■ DATA EXTRACT

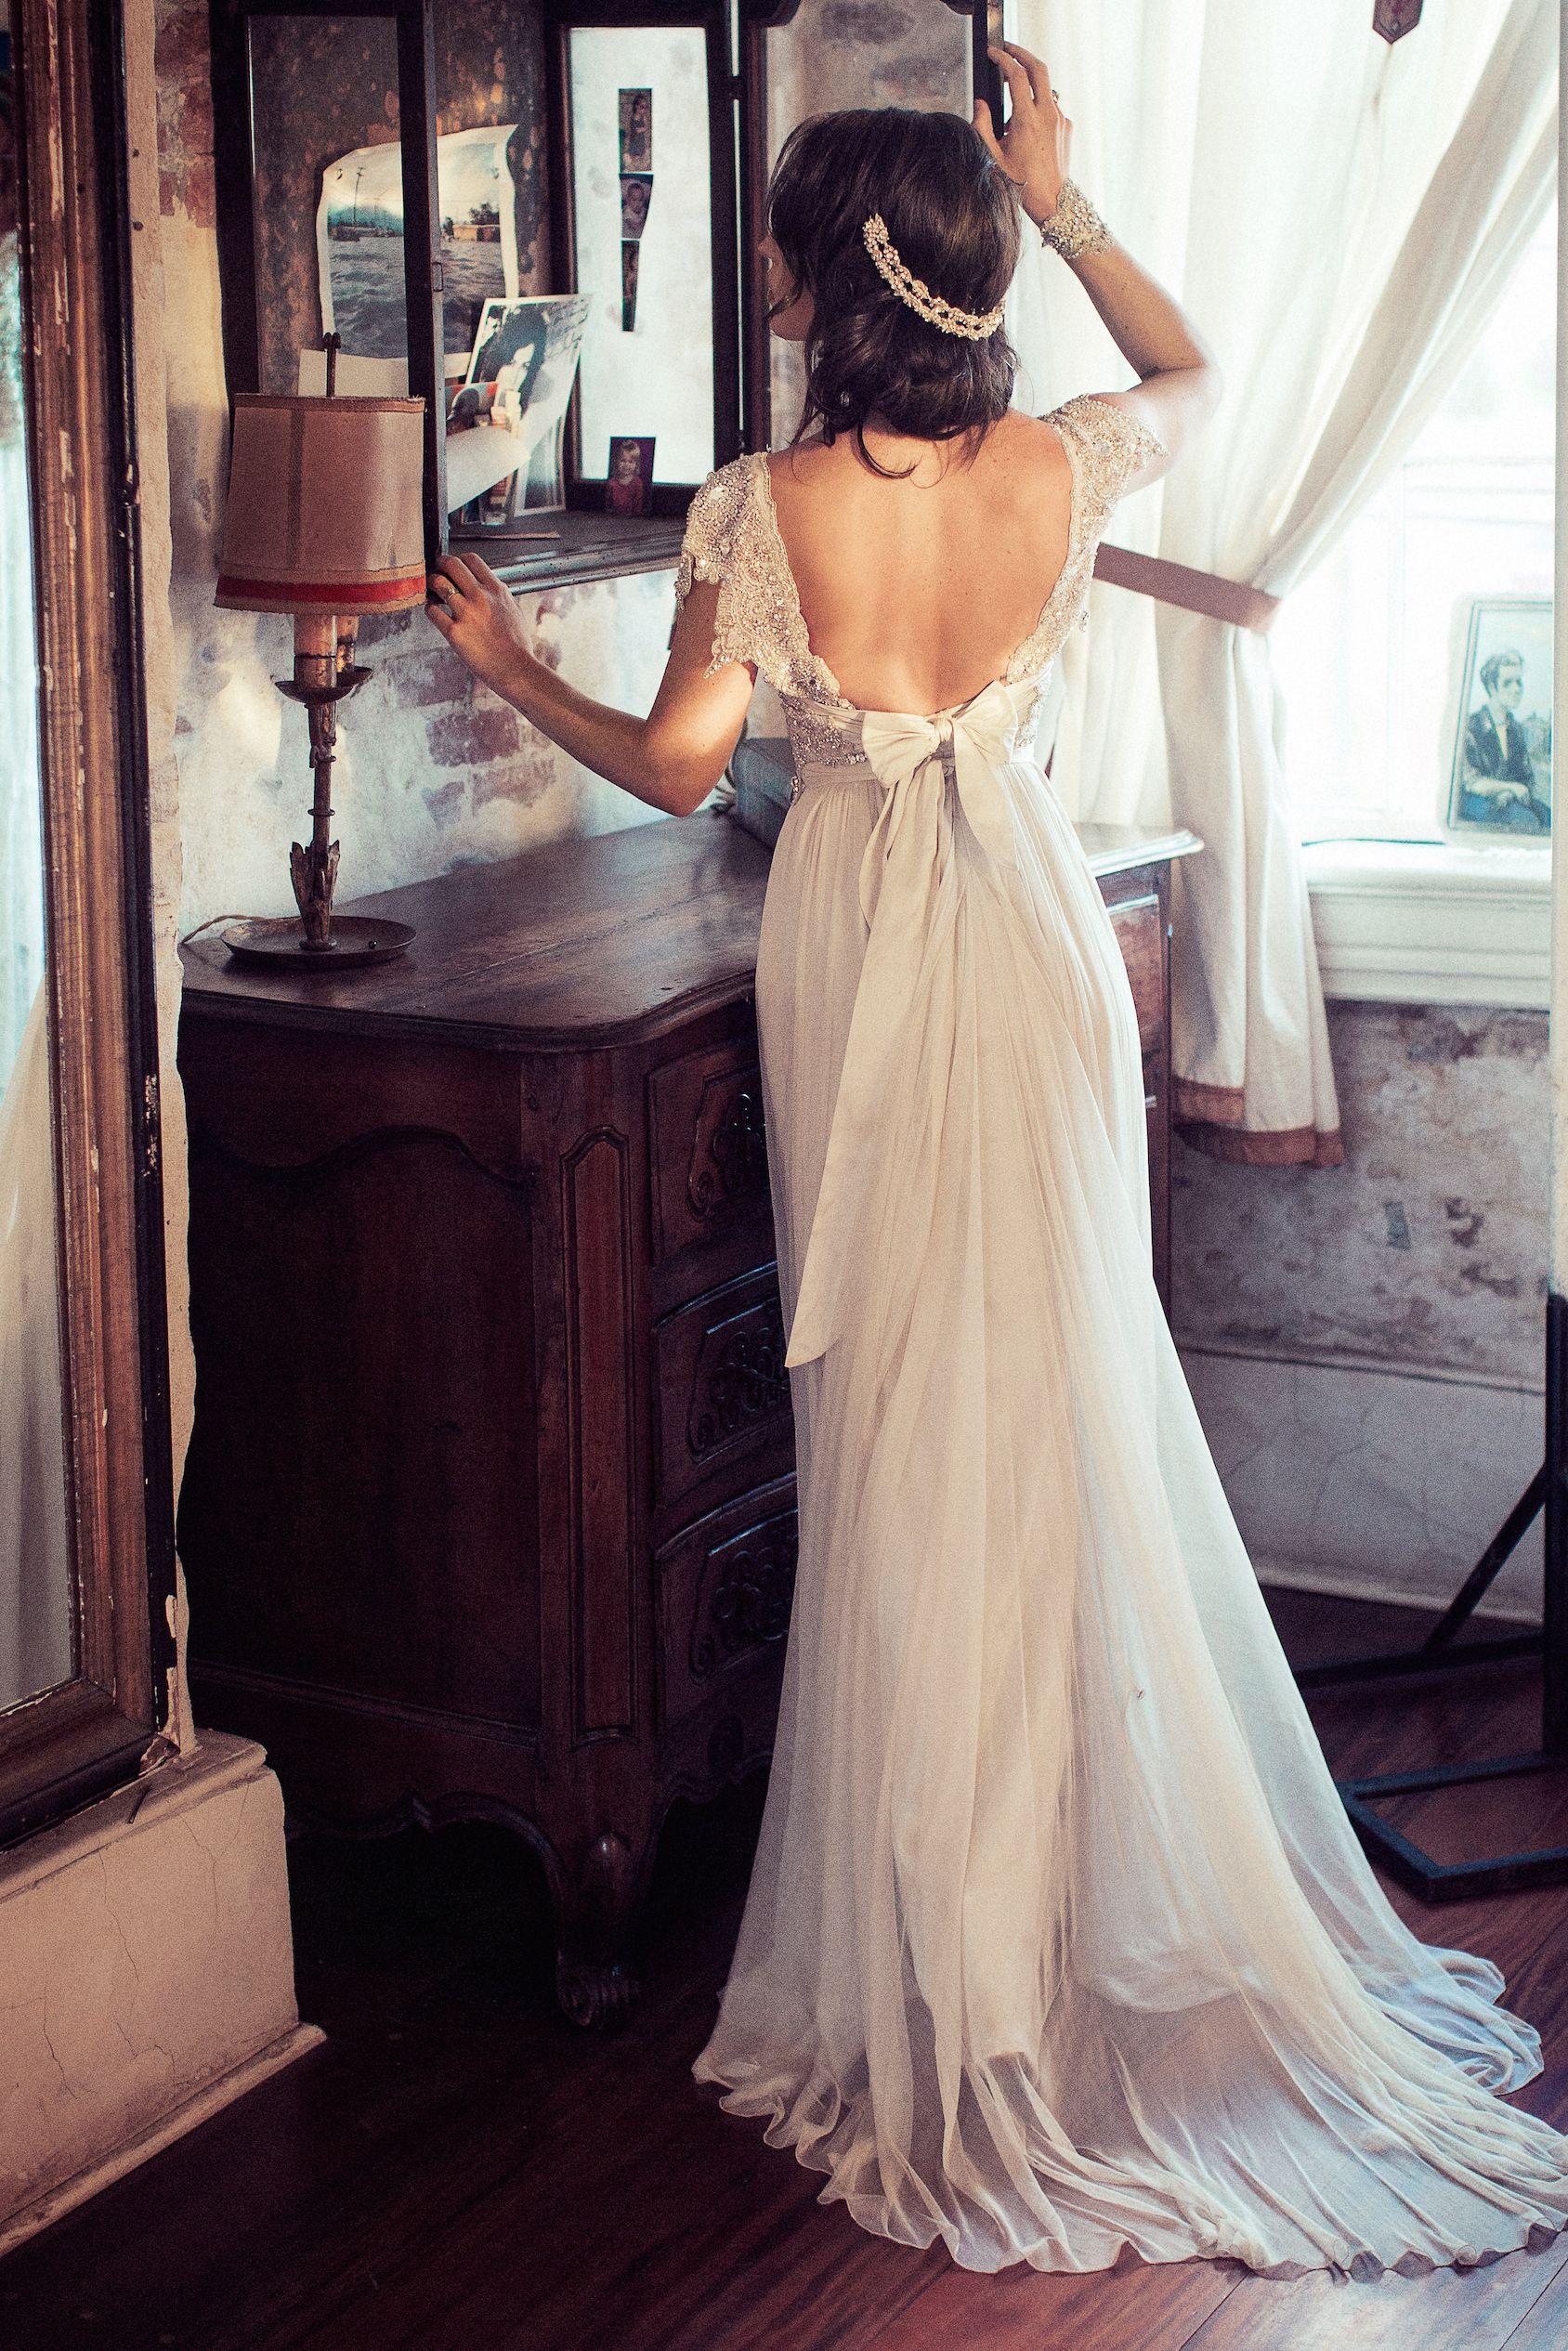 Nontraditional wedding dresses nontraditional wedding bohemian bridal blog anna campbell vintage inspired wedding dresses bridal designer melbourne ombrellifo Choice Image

---

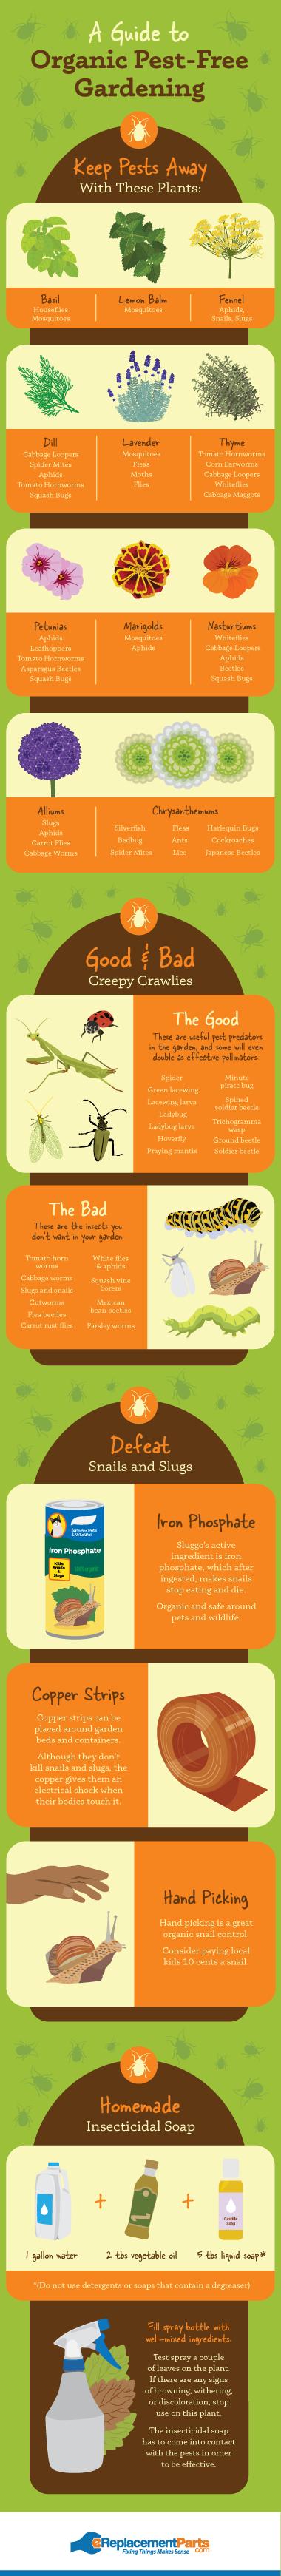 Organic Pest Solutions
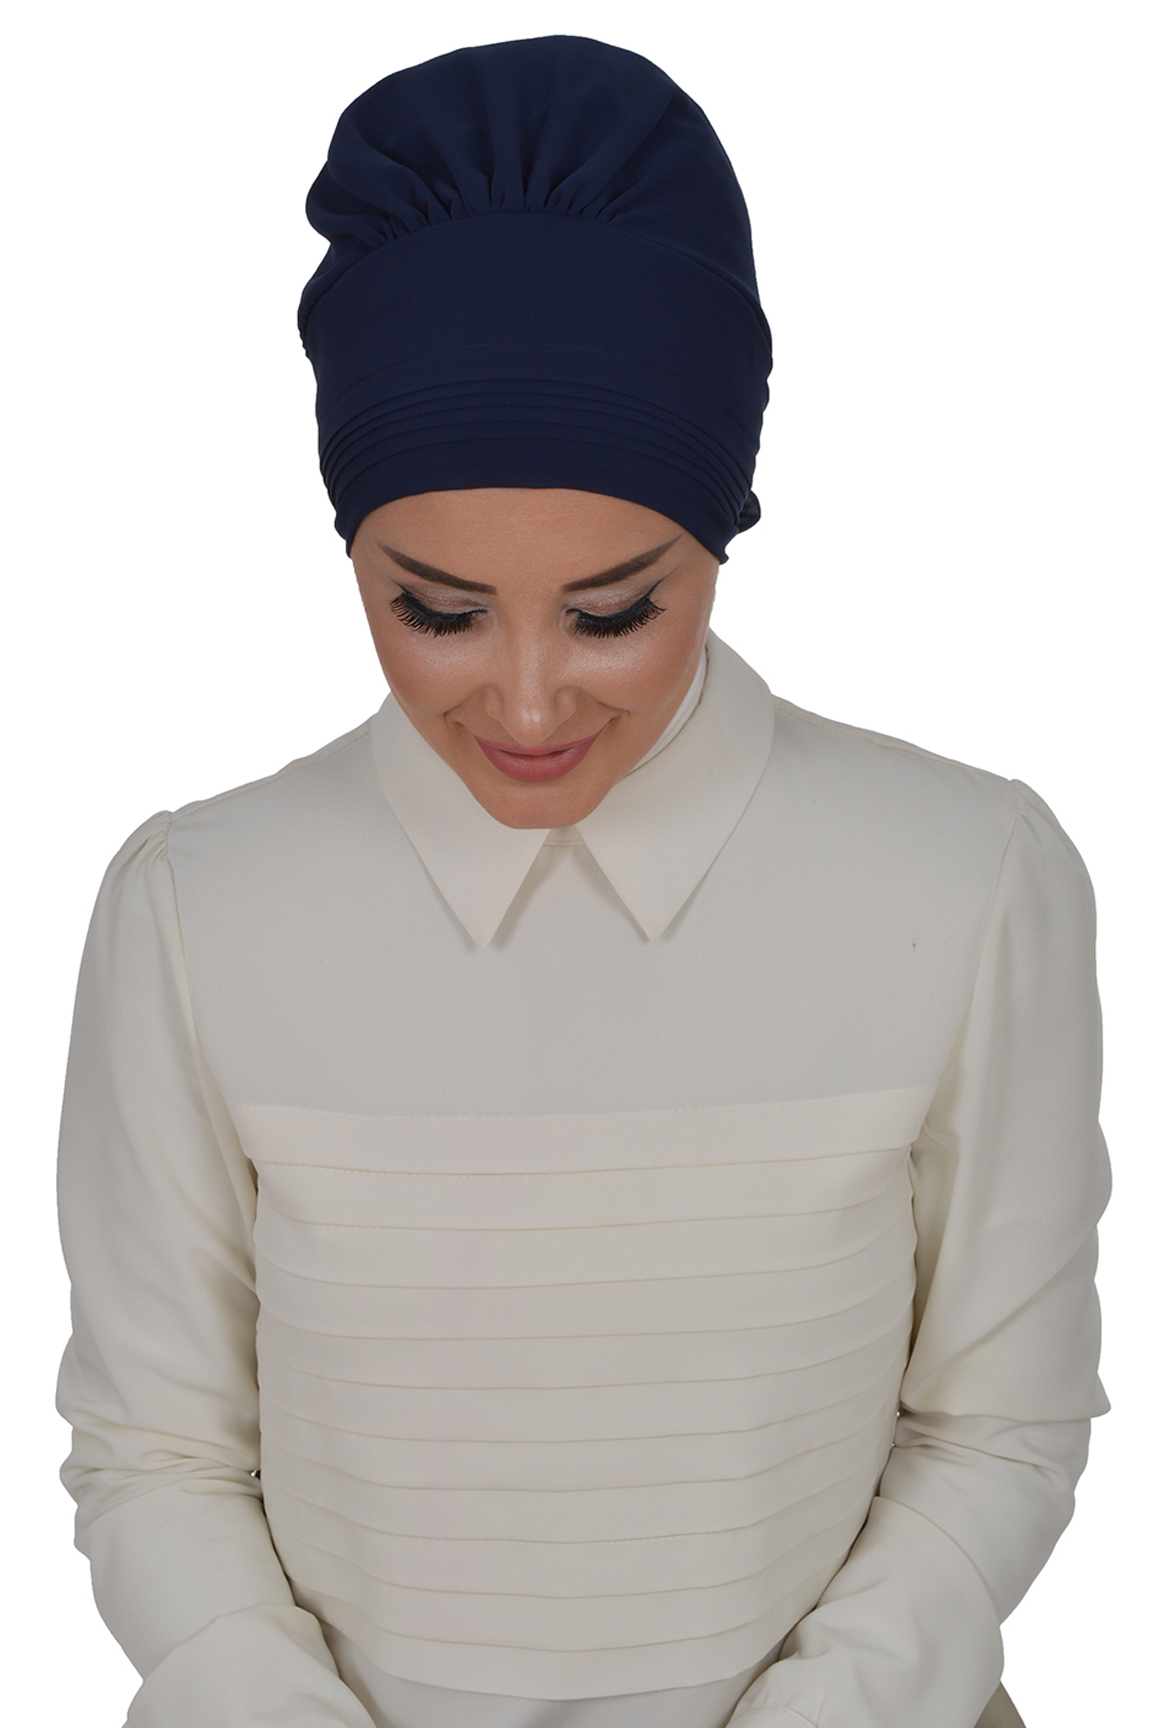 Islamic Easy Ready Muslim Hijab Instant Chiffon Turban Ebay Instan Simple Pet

■ THE PROBLEM
Within the material above, only the stretch from the line holding "Organic Pest Solutions" through the line holding "Islamic Easy Ready" is to be restated exactly. Pictures are dropped.

■ YOUR SOLUTION
 Organic Pest Solutions
 Islamic Easy Ready Muslim Hijab Instant Chiffon Turban Ebay Instan Simple Pet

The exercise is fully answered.